Always collect emails of customers and invite visitors to opt-in to your mailing list.
This way if Google will change it's mind the 1,000,001-st time about ranking you - you will still have direct communications channel opened with your prospects and customers without Google blessing.
Google wants every site to buy ads, so they engage in everything possible from adding dozens of ads on pages, to demoting entire niches, to FUD to force you to advertise. When Google has ads for a certain keyword, they don't care much about "organic" results, they care that ads are better. In fact, several threads at Webmaster World have shown a lot of obvious examples where Google makes results worst to have a better adclick ratio. Everything Google does is to make money via ads, from Chrome to Android to Search updates, especially during Larry Page's rein. That is the bottom line, the rest is fluff.
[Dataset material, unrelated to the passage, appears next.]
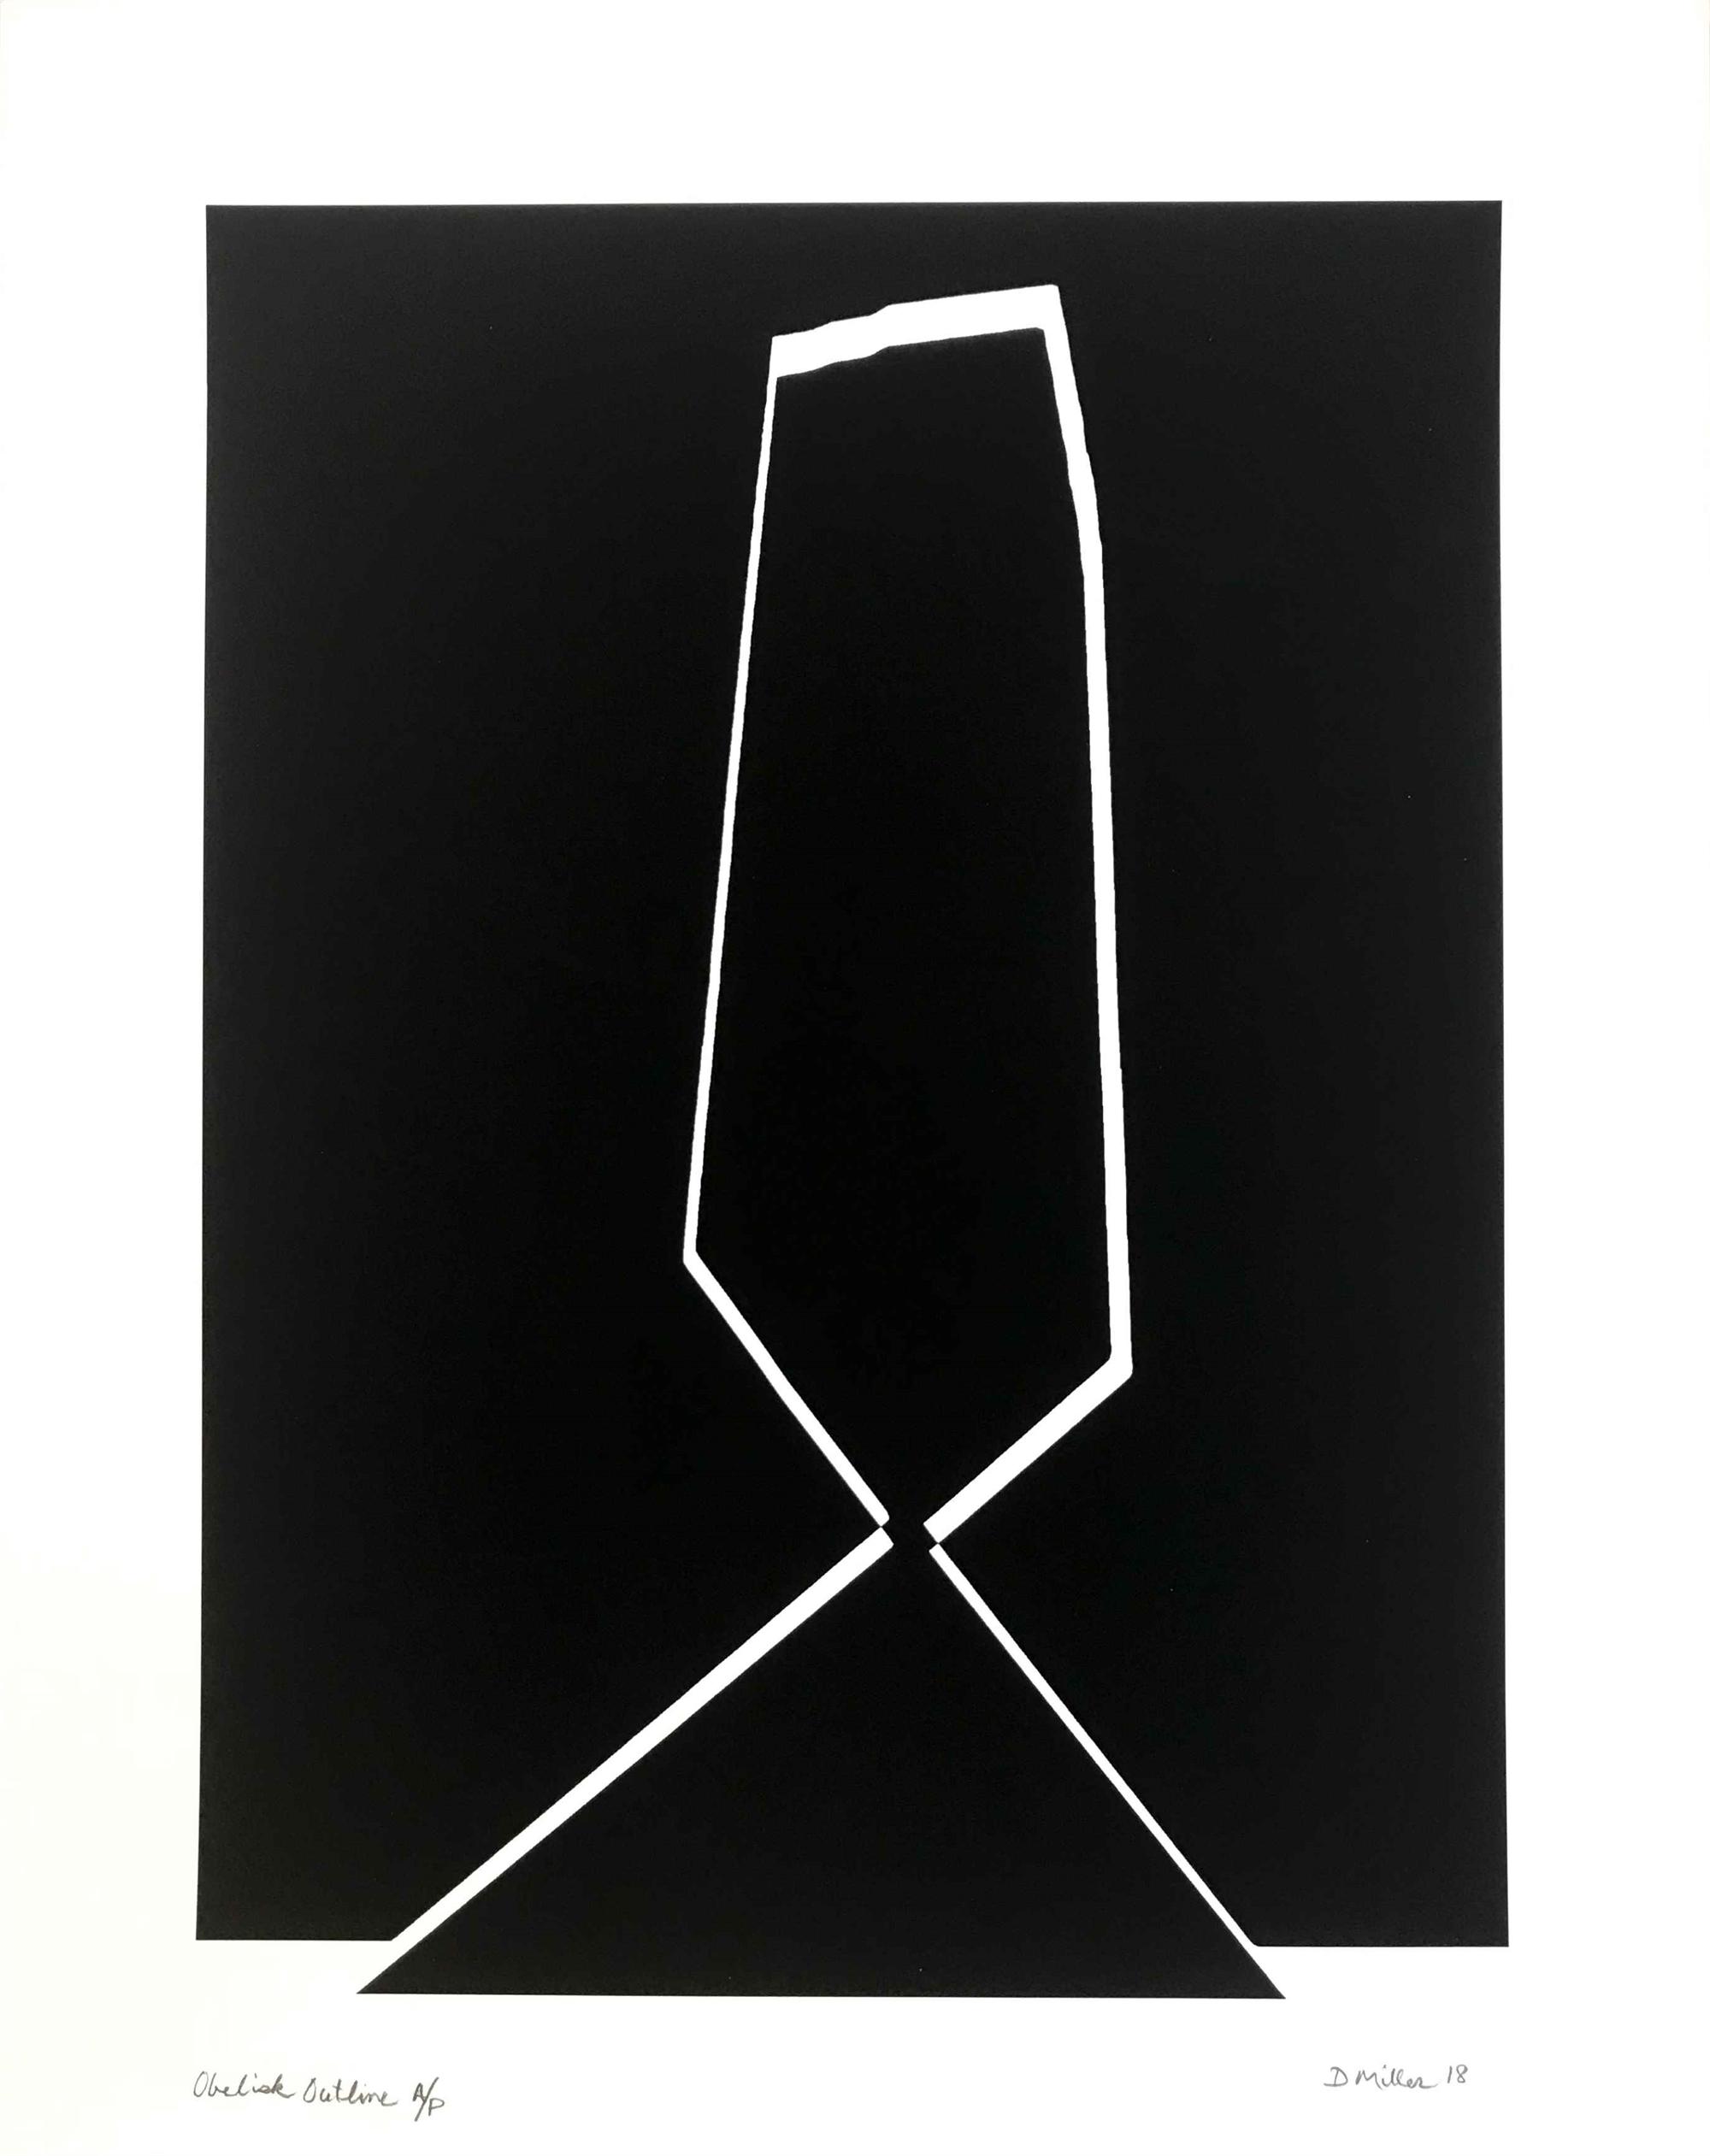 Obelisk Outline by David Miller

Google Shopping is already 100% ads, the rest of the commercial results is 99% ads and advertiser sites (usually huge brands that spend billions on Adwords). Disclosure and ethics however aren't Google's strongest points, lobbying governments is.
"Spammy" domains is a a smokescreen. The issue is lack of transparency and accountability of Google when it comes to penalizing domains. We should simple be able to check this, just like with any RBL.
It's highly inappropriate to call those who fall victim to this "suckers", but it illustrates once again how Google feels about the little people.